Luxury hotels like Sheraton, Hilton, and Marriott are offering Wi-Fi so business travelers can enjoy high-speed wireless Internet access in their rooms, in the lobby, or by the pool. Some 5,800 U.S. hotels are expected to offer Wi-Fi service by yearend 2004, up from 600 today.


Wi-Fi will be installed in limited areas of nearly 150 airports worldwide by the end of this year. That number should approach 300 by yearend 2004. And at least 25 of those will offer Wi-Fi service in virtually every concourse, gate, and lounge.

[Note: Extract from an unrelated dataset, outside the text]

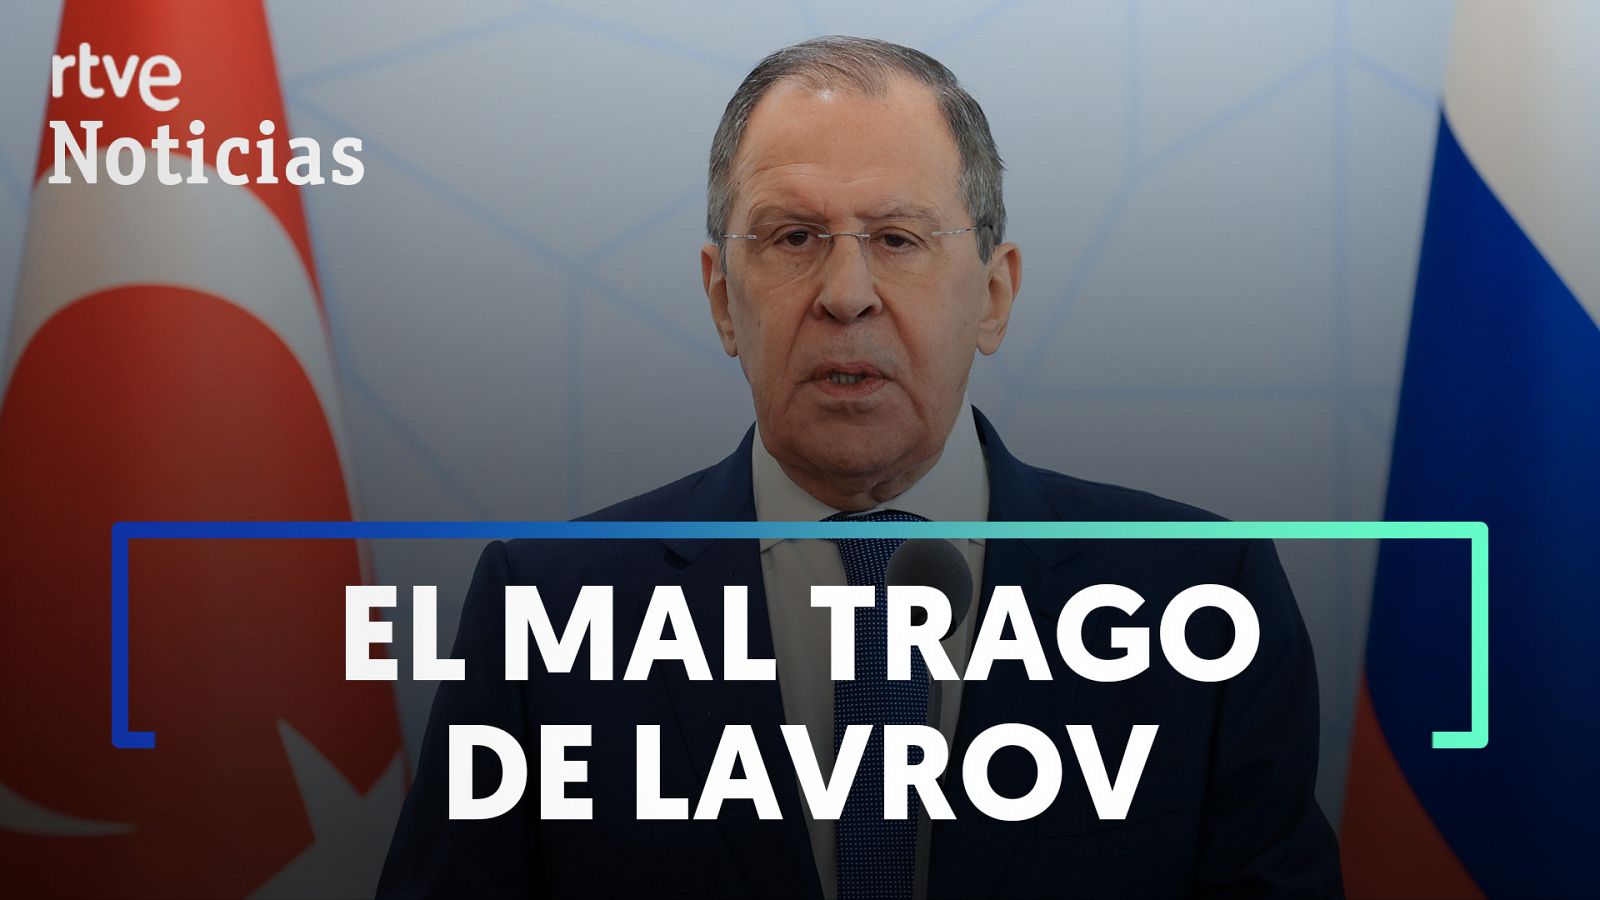 El tenso momento en el que un periodista le pregunta a Lavrov qué ha vendido Rusia de lo robado a Ucrania

In cities like Seattle and San Francisco, coffee shops offer Wi-Fi so customers can surf the Net as they sip lattes. Restaurants are expected to build 12,000 nets by yearend 2004, up from about 500 today. The payoff: Customers stay longer and spend more.


Business users in North America currently account for nearly 90% of all Wi-Fi users worldwide. Some two-thirds of the world's 1,000 biggest companies are expected to use Wi-Fi networks by yearend 2004, up from 30% today.


Gap has equipped its stores nationwide with Wi-Fi so workers can check inventory or verify prices from the showroom floor. By 2004, the nation's largest malls are expected to install nearly 2,000 networks, so customers can check e-mail or Web sites while they shop.